**PROBLEM REQUIREMENTS**: Would you transcribe the line containing "De catastrofe rond" and every line after it, through the end of the records below, exactly and with nothing else?

**RECORDED DATA**:
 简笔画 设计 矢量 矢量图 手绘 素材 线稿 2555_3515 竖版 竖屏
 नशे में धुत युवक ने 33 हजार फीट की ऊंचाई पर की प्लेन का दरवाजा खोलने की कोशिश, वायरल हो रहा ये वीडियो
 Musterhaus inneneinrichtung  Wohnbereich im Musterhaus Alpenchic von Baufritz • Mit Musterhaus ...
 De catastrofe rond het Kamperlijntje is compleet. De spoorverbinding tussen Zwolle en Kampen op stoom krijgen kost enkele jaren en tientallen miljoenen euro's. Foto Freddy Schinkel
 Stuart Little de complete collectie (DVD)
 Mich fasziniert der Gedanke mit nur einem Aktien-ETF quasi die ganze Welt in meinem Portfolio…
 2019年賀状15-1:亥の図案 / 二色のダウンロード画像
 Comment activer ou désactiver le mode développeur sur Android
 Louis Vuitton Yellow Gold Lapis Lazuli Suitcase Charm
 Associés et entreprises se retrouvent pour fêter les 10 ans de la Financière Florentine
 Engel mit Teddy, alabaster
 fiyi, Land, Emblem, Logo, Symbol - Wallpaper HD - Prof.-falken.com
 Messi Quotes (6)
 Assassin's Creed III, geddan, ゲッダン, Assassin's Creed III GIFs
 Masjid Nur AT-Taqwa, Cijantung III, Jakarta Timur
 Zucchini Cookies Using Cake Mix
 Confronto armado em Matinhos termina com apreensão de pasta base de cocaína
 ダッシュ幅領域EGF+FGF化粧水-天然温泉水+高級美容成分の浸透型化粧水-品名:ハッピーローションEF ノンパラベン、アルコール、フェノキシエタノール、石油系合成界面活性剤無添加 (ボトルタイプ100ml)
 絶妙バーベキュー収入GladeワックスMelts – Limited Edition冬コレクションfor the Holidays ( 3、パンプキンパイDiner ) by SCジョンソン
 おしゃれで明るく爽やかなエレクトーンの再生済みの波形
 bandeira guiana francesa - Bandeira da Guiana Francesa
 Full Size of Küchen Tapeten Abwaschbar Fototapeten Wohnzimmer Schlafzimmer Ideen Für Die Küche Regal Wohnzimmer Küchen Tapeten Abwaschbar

**RESPONSE BELOW**:
 De catastrofe rond het Kamperlijntje is compleet. De spoorverbinding tussen Zwolle en Kampen op stoom krijgen kost enkele jaren en tientallen miljoenen euro's. Foto Freddy Schinkel
 Stuart Little de complete collectie (DVD)
 Mich fasziniert der Gedanke mit nur einem Aktien-ETF quasi die ganze Welt in meinem Portfolio…
 2019年賀状15-1:亥の図案 / 二色のダウンロード画像
 Comment activer ou désactiver le mode développeur sur Android
 Louis Vuitton Yellow Gold Lapis Lazuli Suitcase Charm
 Associés et entreprises se retrouvent pour fêter les 10 ans de la Financière Florentine
 Engel mit Teddy, alabaster
 fiyi, Land, Emblem, Logo, Symbol - Wallpaper HD - Prof.-falken.com
 Messi Quotes (6)
 Assassin's Creed III, geddan, ゲッダン, Assassin's Creed III GIFs
 Masjid Nur AT-Taqwa, Cijantung III, Jakarta Timur
 Zucchini Cookies Using Cake Mix
 Confronto armado em Matinhos termina com apreensão de pasta base de cocaína
 ダッシュ幅領域EGF+FGF化粧水-天然温泉水+高級美容成分の浸透型化粧水-品名:ハッピーローションEF ノンパラベン、アルコール、フェノキシエタノール、石油系合成界面活性剤無添加 (ボトルタイプ100ml)
 絶妙バーベキュー収入GladeワックスMelts – Limited Edition冬コレクションfor the Holidays ( 3、パンプキンパイDiner ) by SCジョンソン
 おしゃれで明るく爽やかなエレクトーンの再生済みの波形
 bandeira guiana francesa - Bandeira da Guiana Francesa
 Full Size of Küchen Tapeten Abwaschbar Fototapeten Wohnzimmer Schlafzimmer Ideen Für Die Küche Regal Wohnzimmer Küchen Tapeten Abwaschbar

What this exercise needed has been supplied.